## Input data
=== Section Start ===

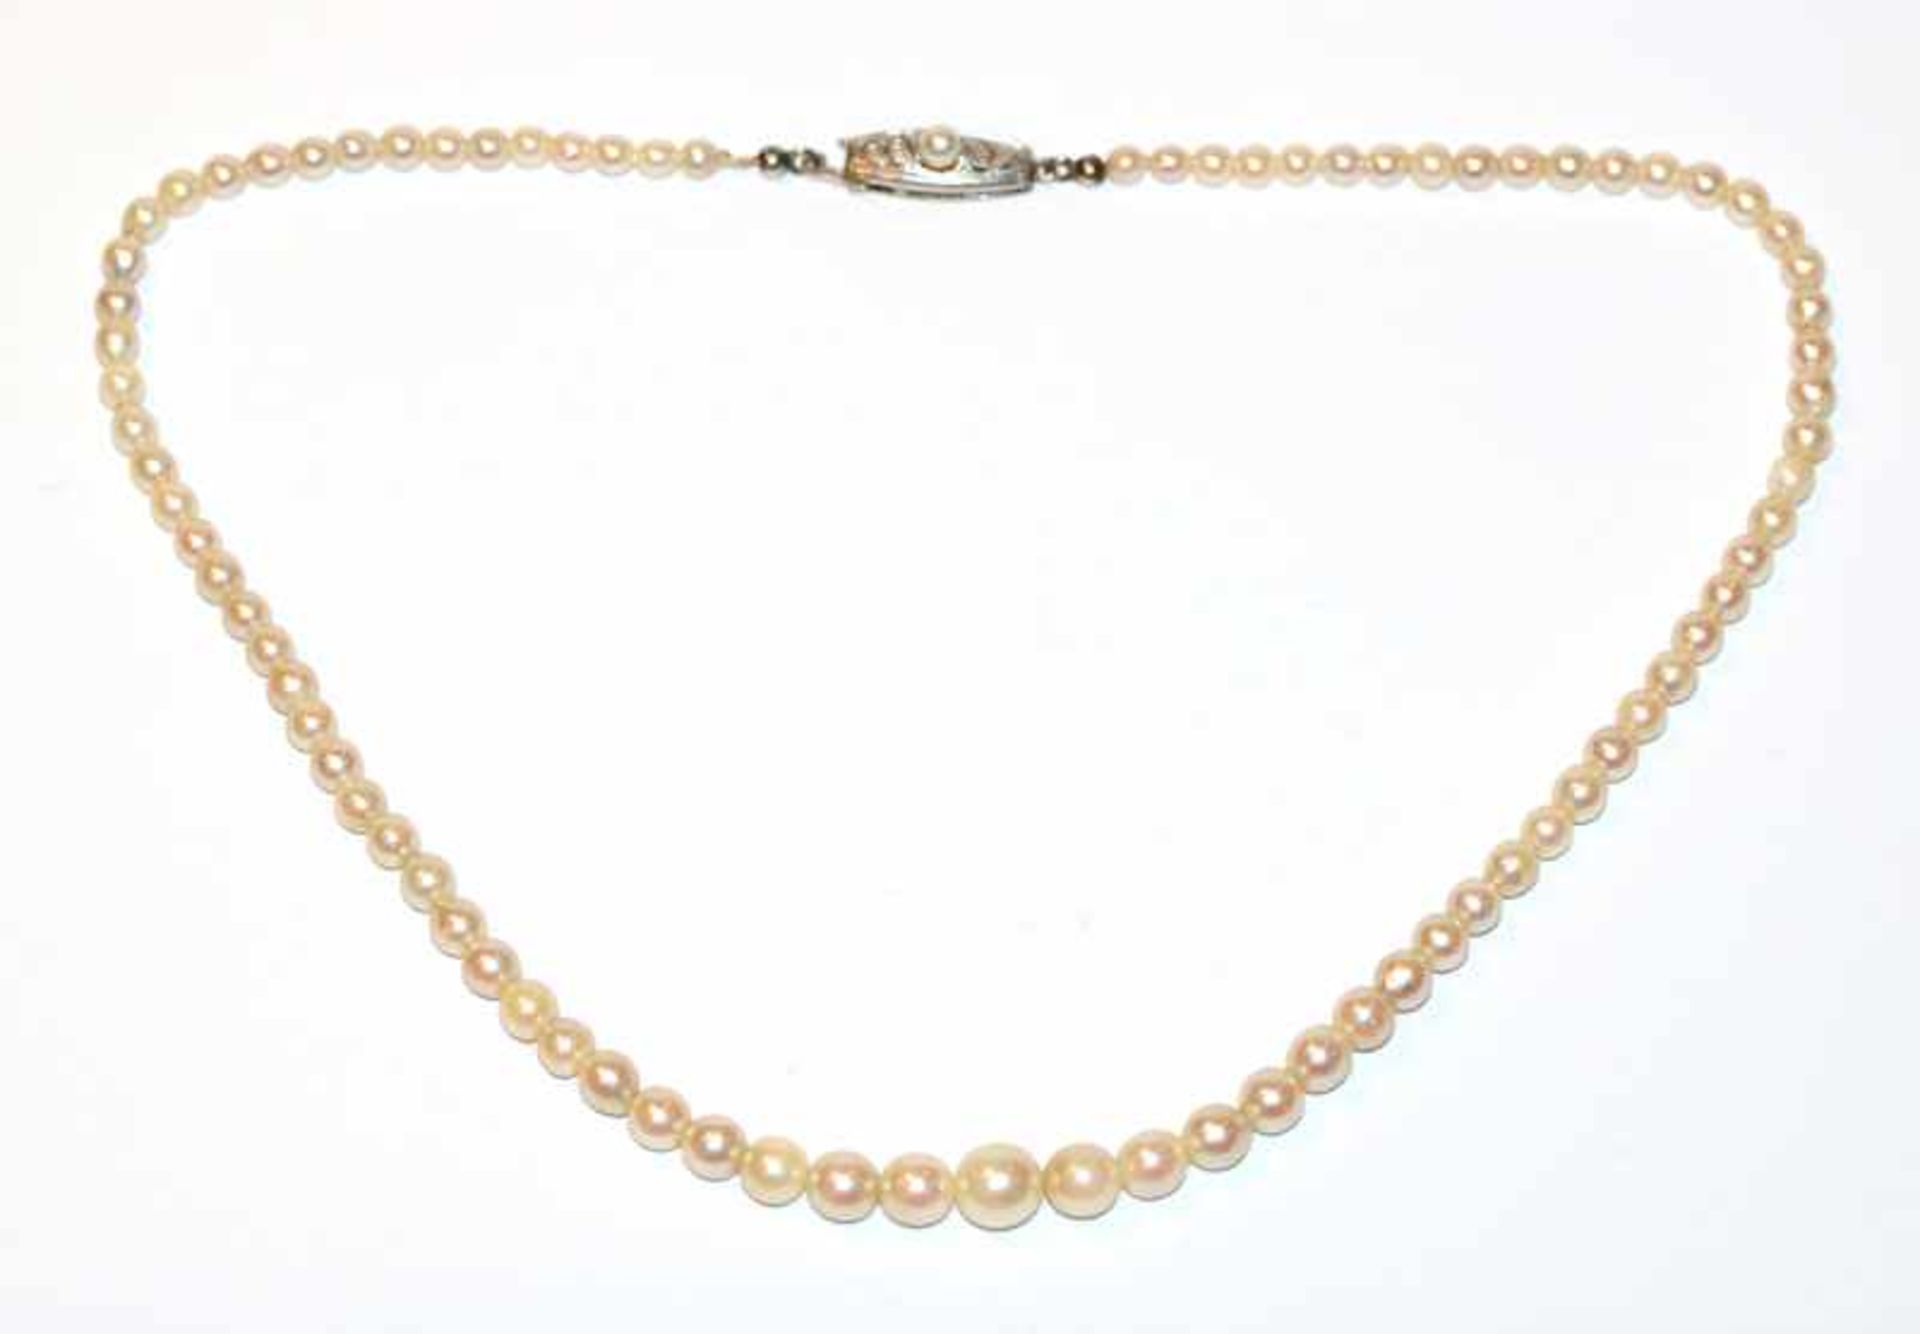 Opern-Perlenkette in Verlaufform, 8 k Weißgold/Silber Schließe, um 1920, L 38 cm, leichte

=== Section End ===
=== Section Start ===

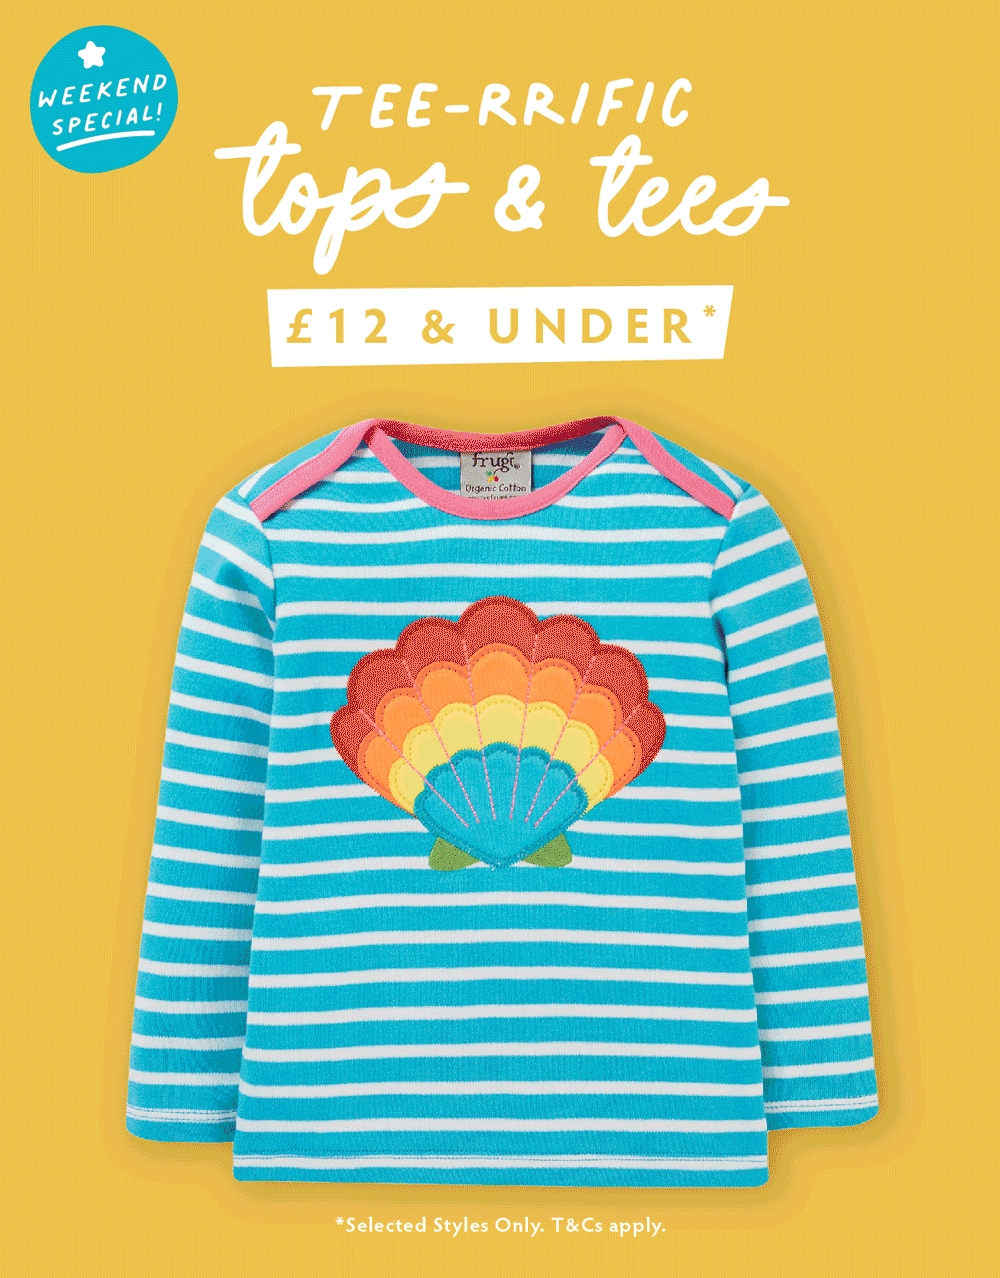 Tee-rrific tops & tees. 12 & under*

=== Section End ===
=== Section Start ===

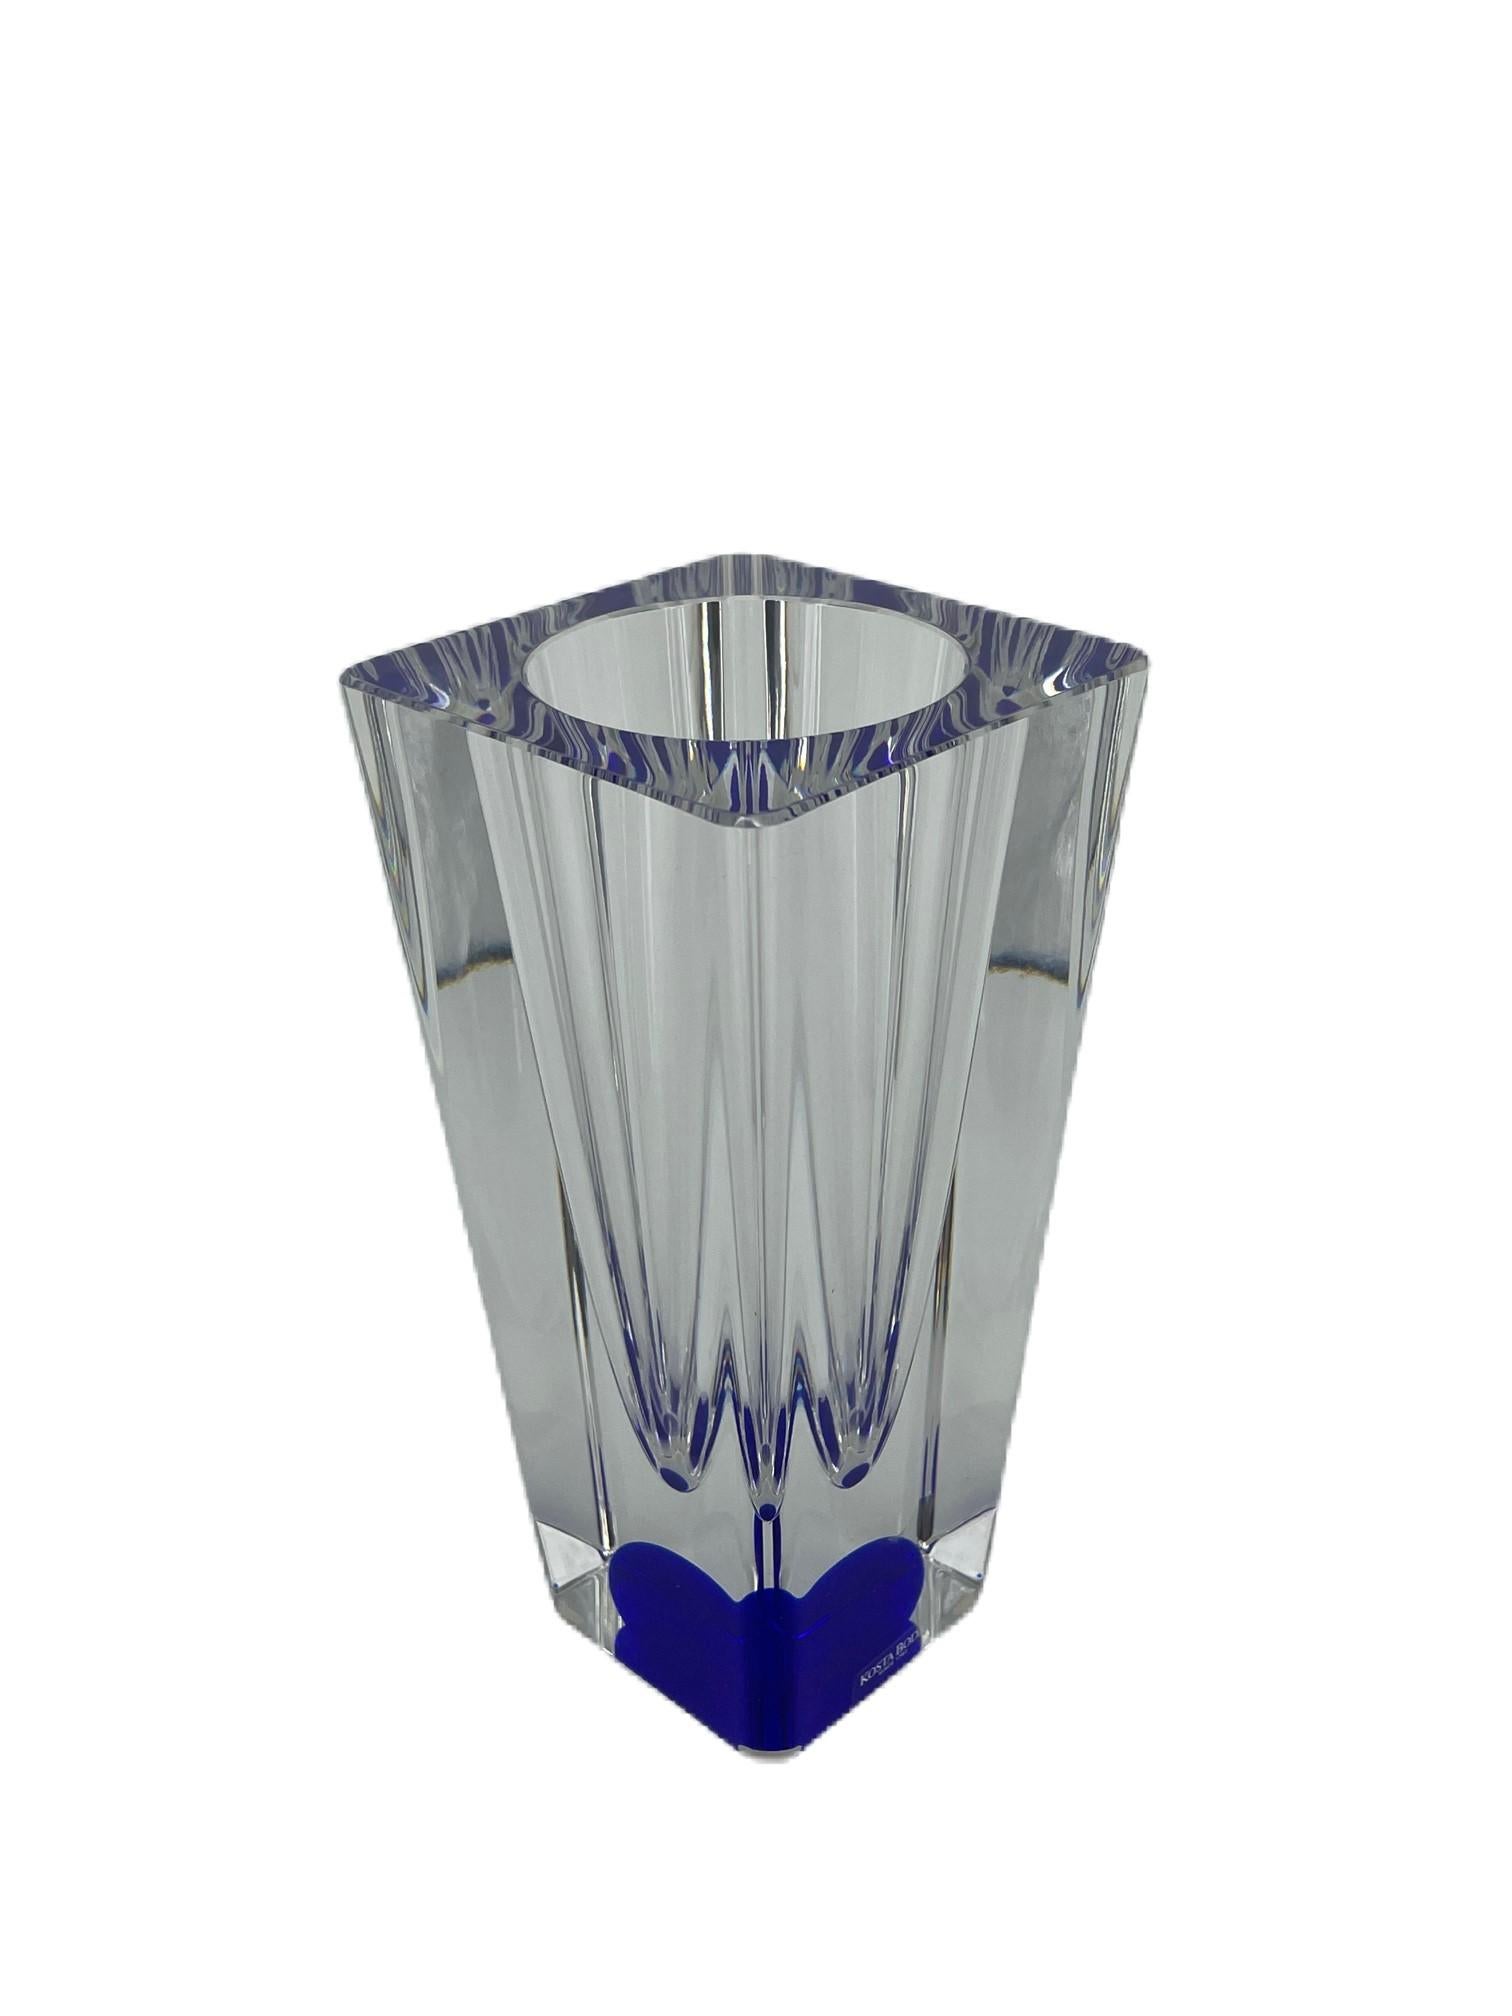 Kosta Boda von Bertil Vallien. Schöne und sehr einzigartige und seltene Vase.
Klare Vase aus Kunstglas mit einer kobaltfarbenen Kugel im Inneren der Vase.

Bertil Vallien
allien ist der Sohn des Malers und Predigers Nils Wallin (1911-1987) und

=== Section End ===

## Action item
What's needed is an exact copy of the lines above from the one with "Kosta Boda von" through the one with "allien ist der", both included; the pictures stay out.

## Response to this task
 Kosta Boda von Bertil Vallien. Schöne und sehr einzigartige und seltene Vase.
Klare Vase aus Kunstglas mit einer kobaltfarbenen Kugel im Inneren der Vase.

Bertil Vallien
allien ist der Sohn des Malers und Predigers Nils Wallin (1911-1987) und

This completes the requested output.